▶ [The data]

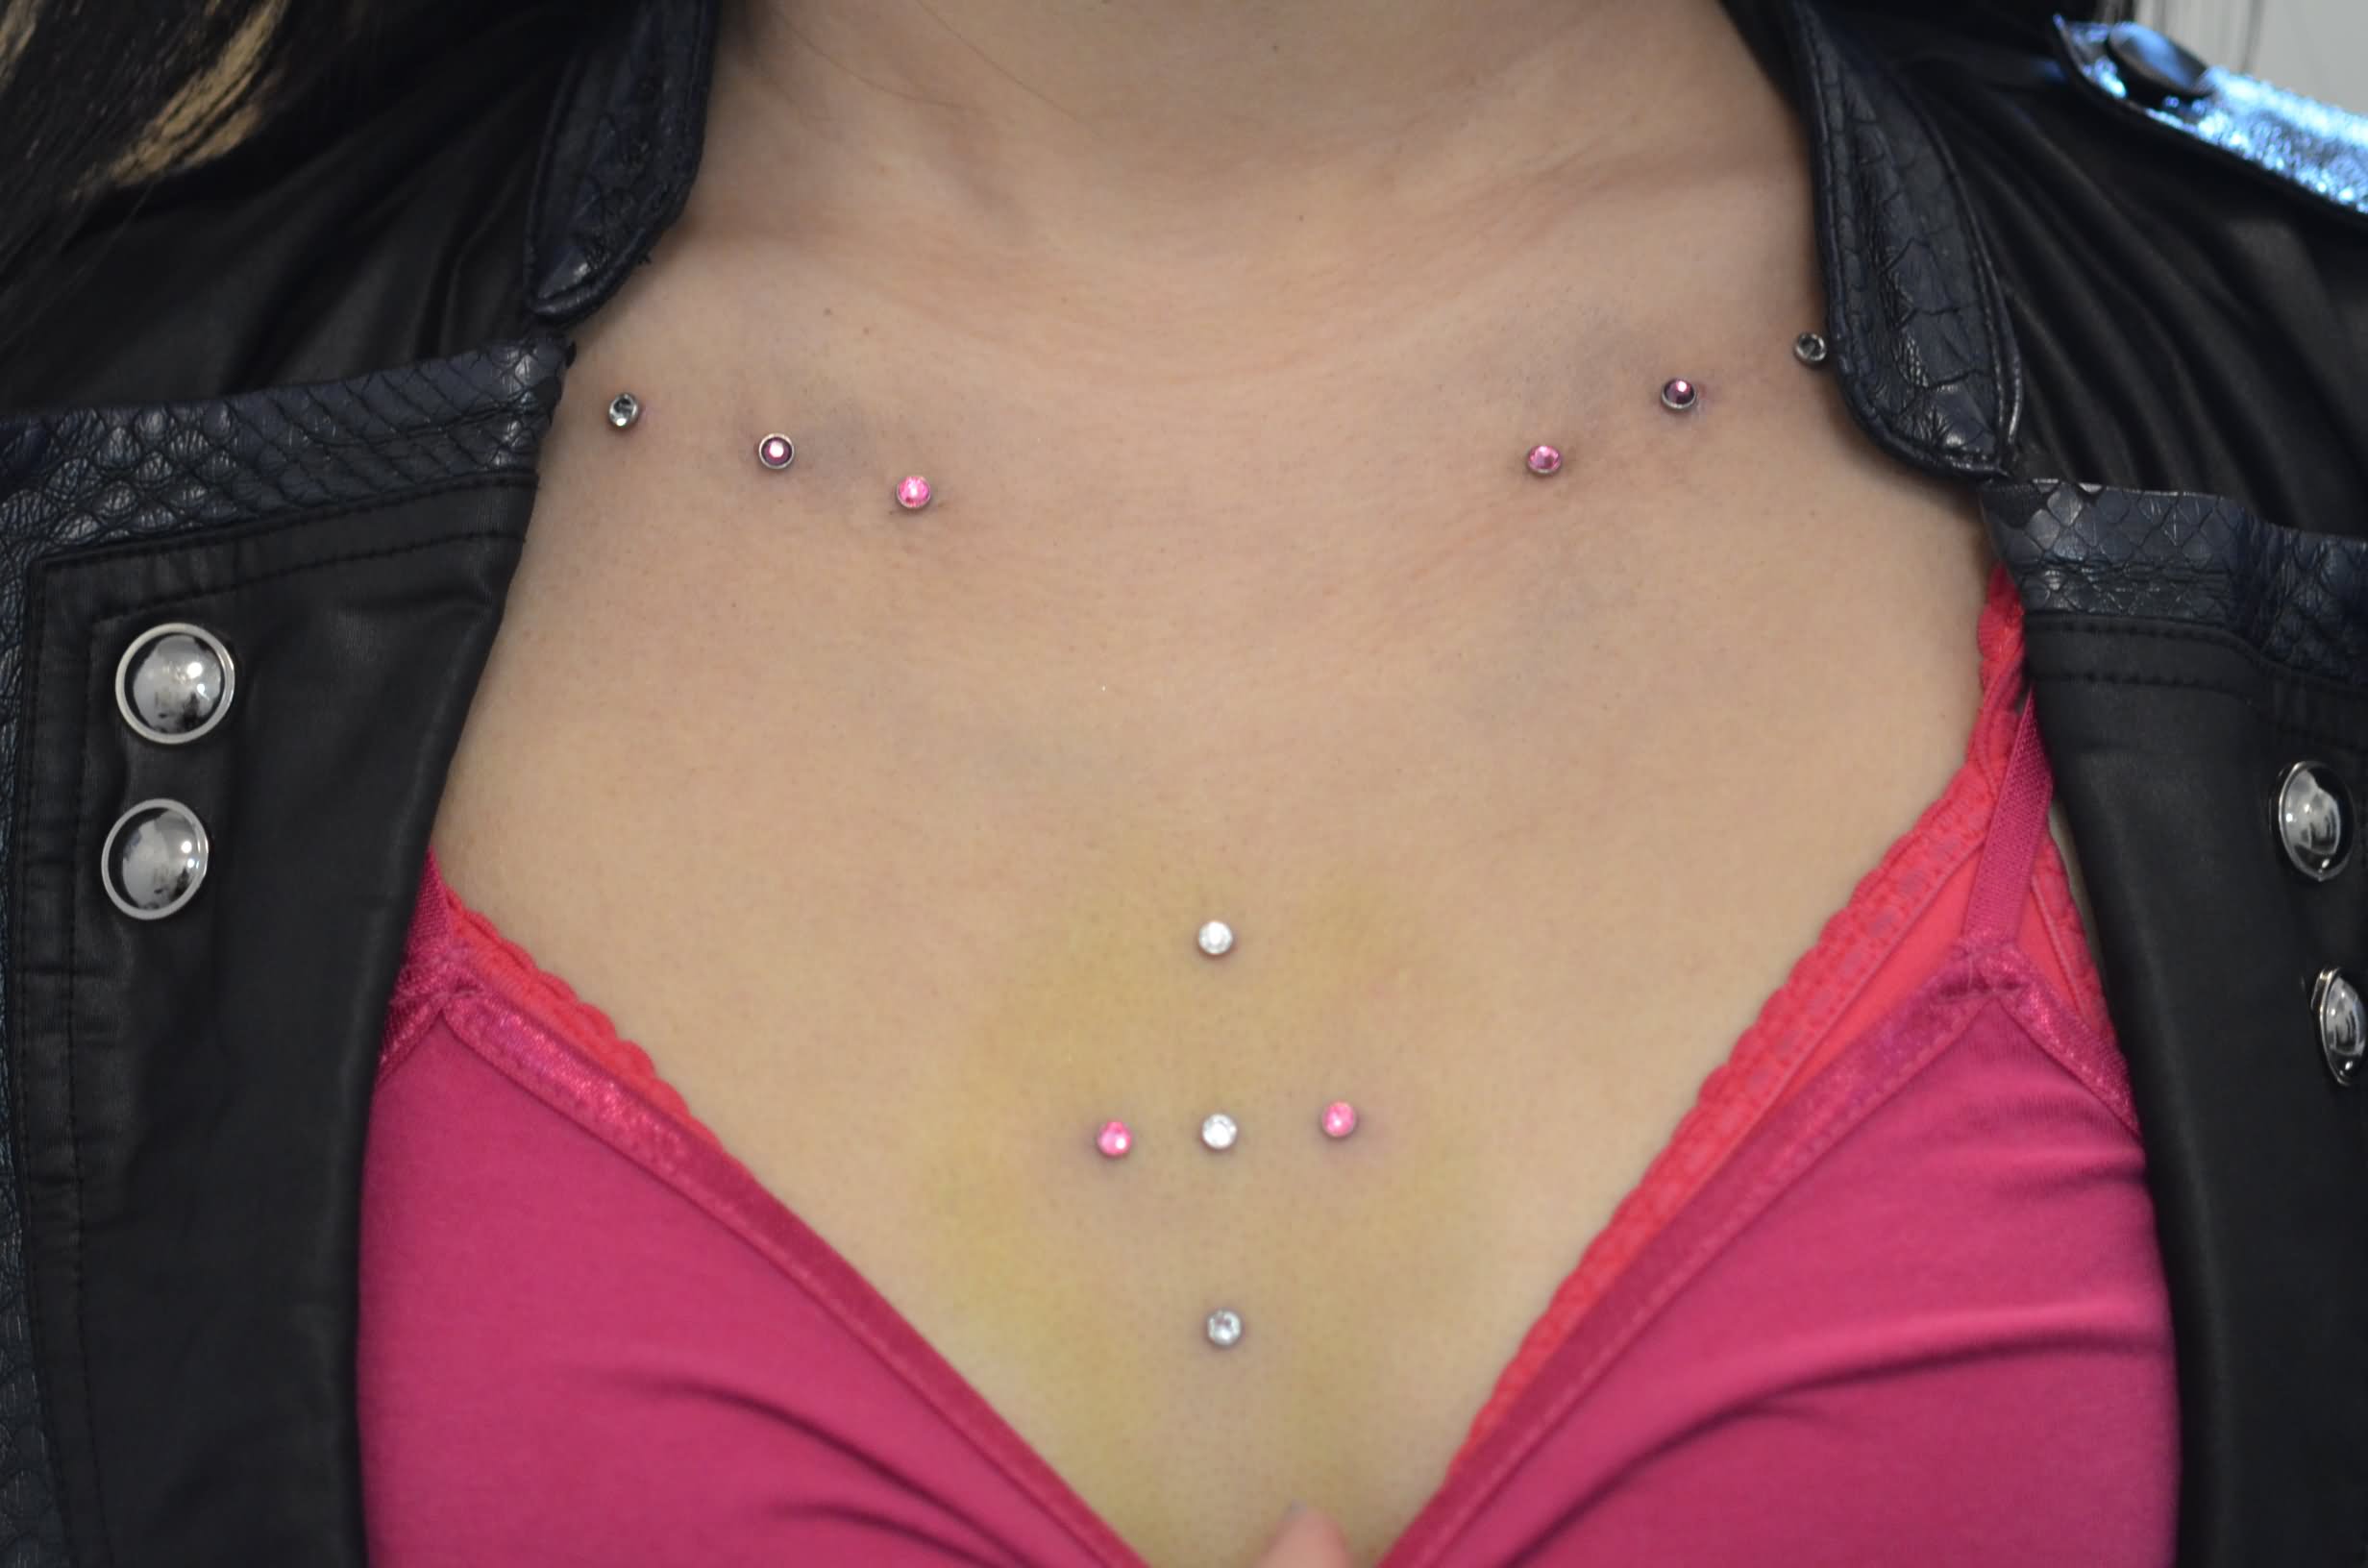 Silver And Pink Dermal Anchors Piercing On Collar Bones
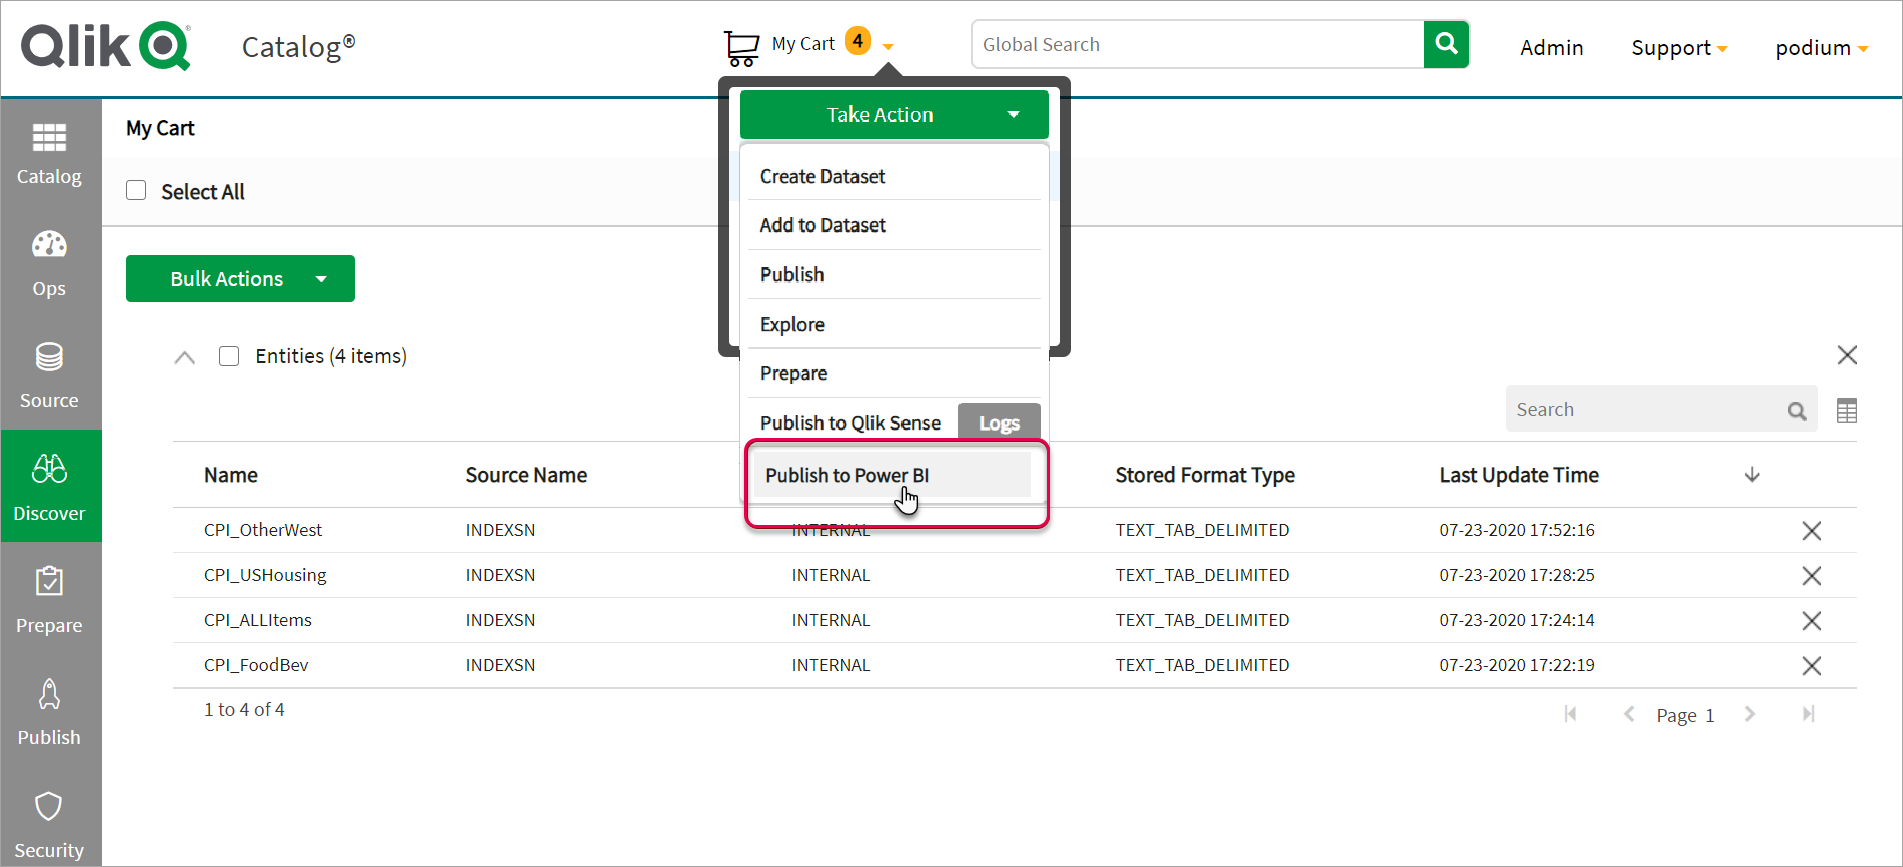 Publish objects to Power BI from Cart
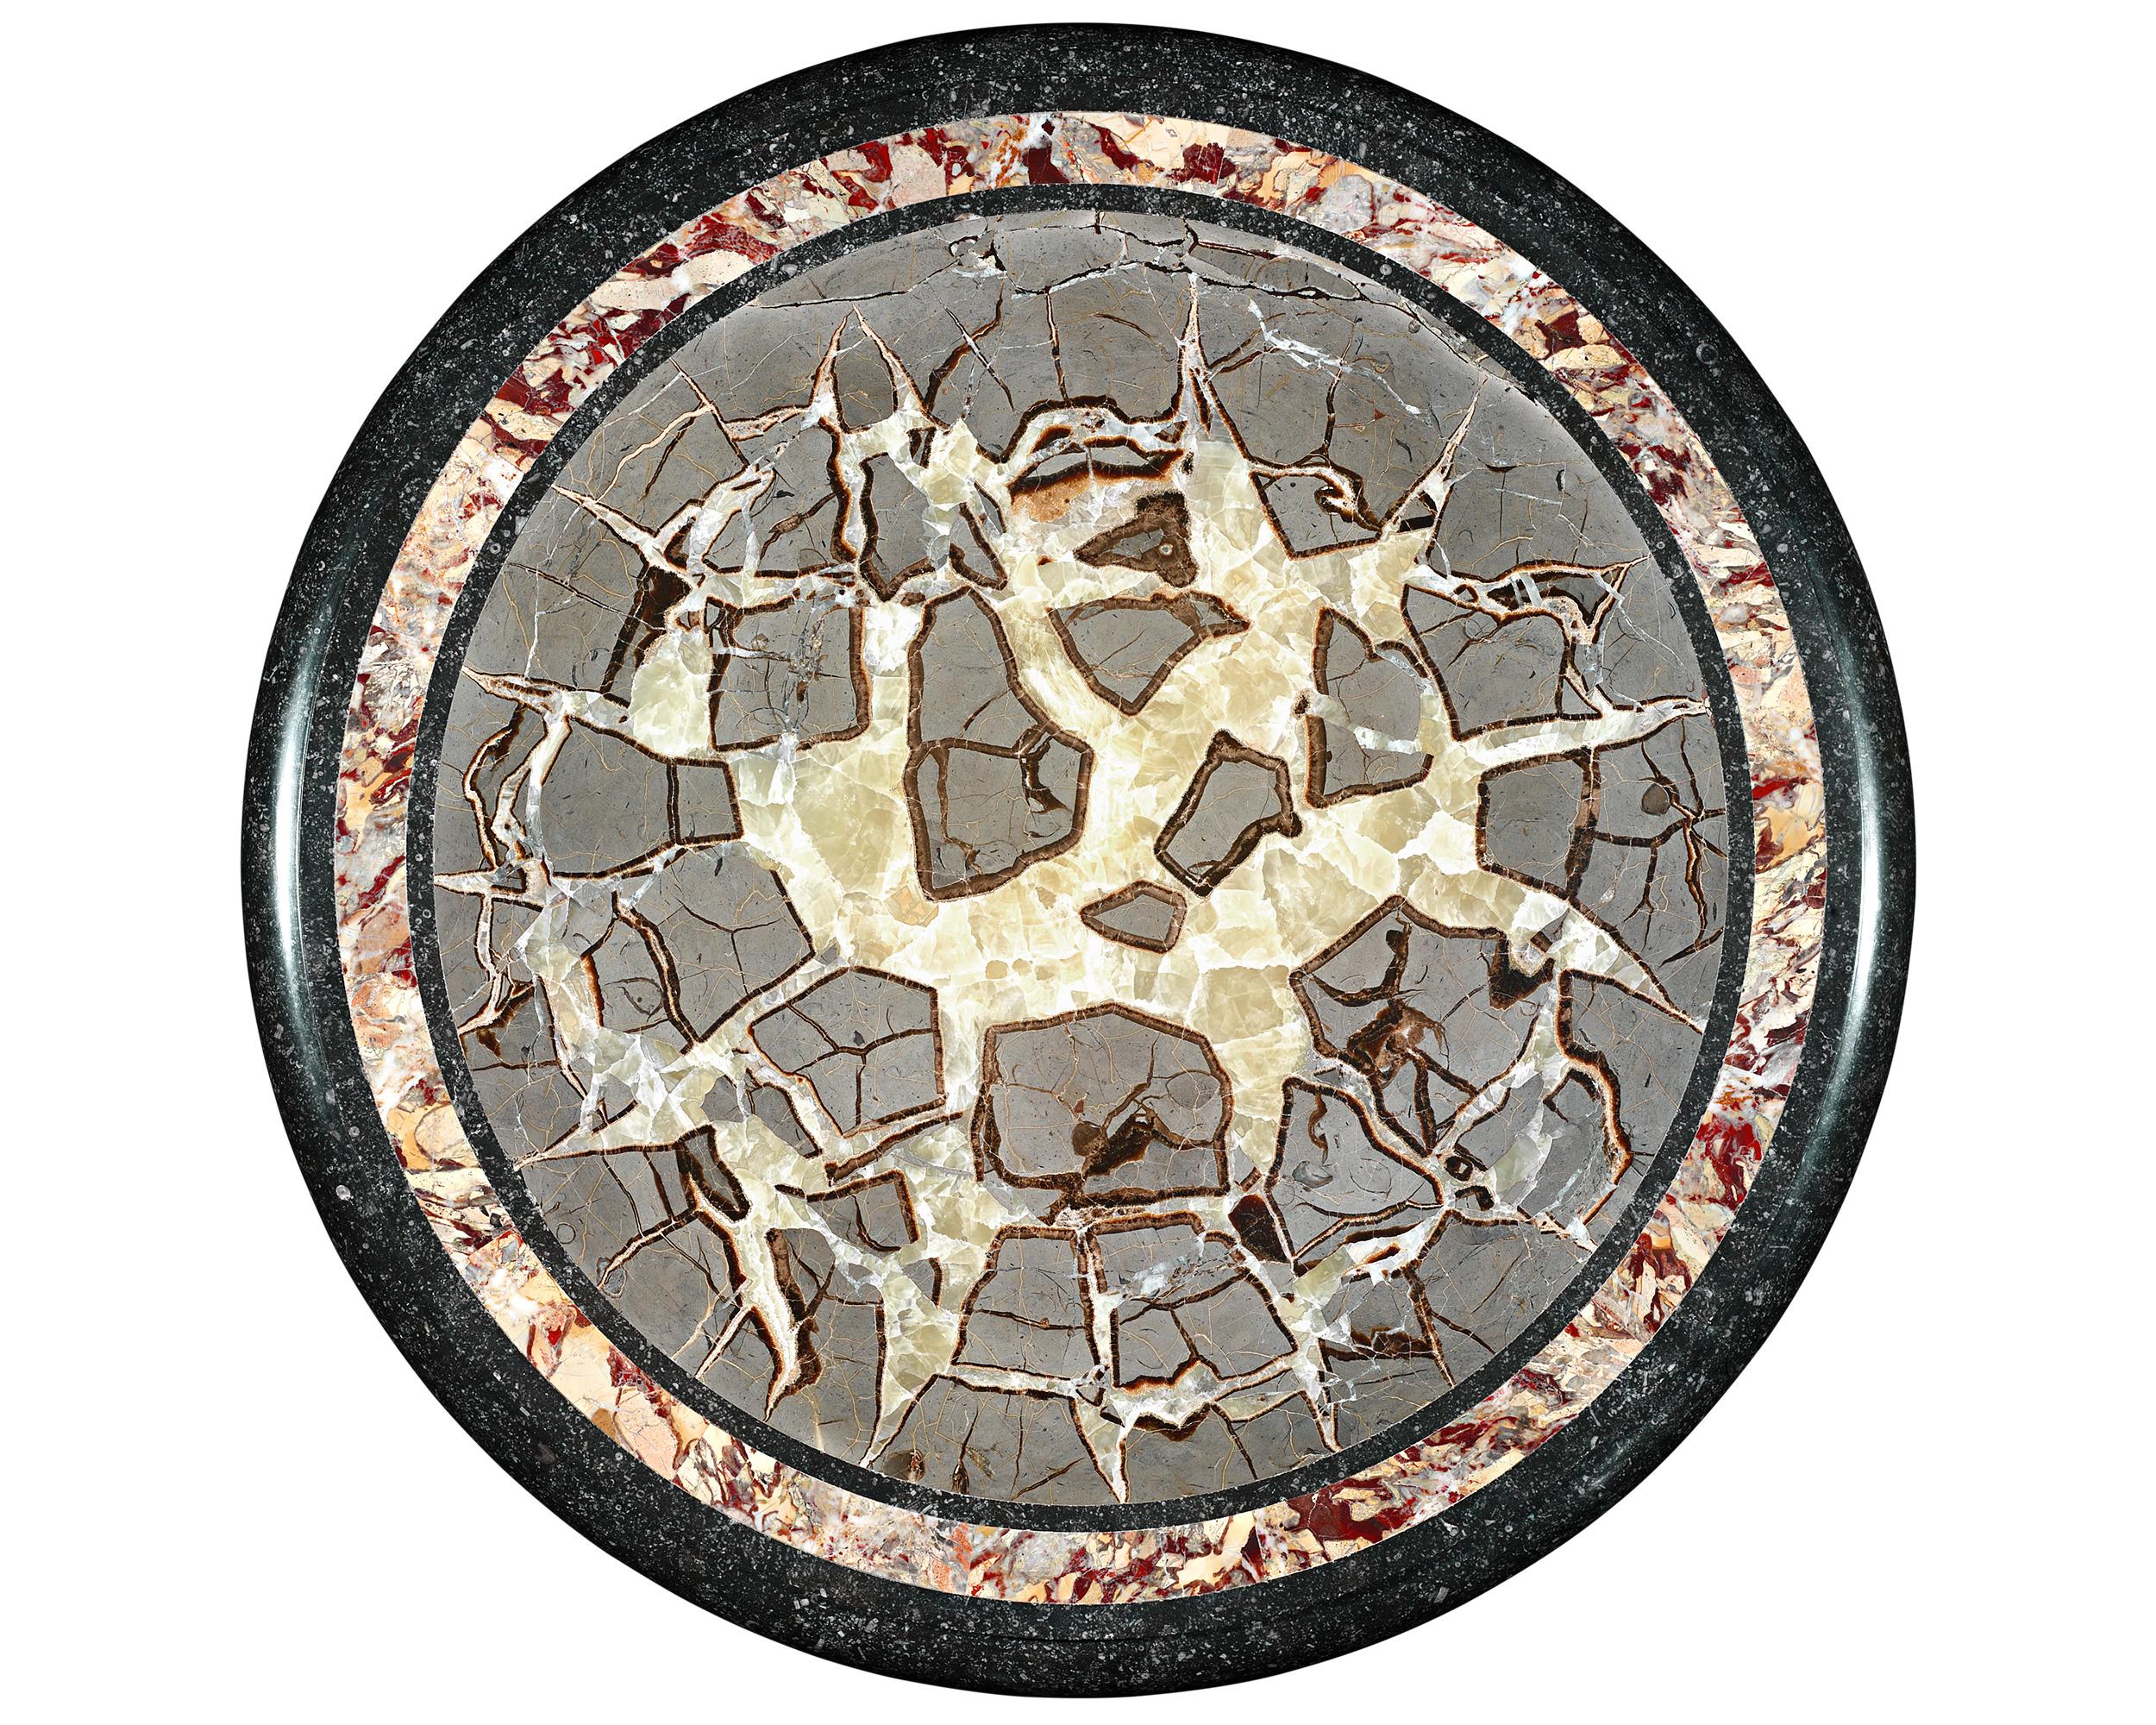 A remarkable display of English craftsmanship and a fascinating relic of natural history, this Regency-style table features an awe-inspiring specimen of turtle stone, an English marble formed from fossilized spheres known as septarian nodules. This

▶ [Exercise brief] Print the whole listing again exactly, please. No pictures.

▶ [Exercise output]
 Silver And Pink Dermal Anchors Piercing On Collar Bones
 Publish objects to Power BI from Cart
 A remarkable display of English craftsmanship and a fascinating relic of natural history, this Regency-style table features an awe-inspiring specimen of turtle stone, an English marble formed from fossilized spheres known as septarian nodules. This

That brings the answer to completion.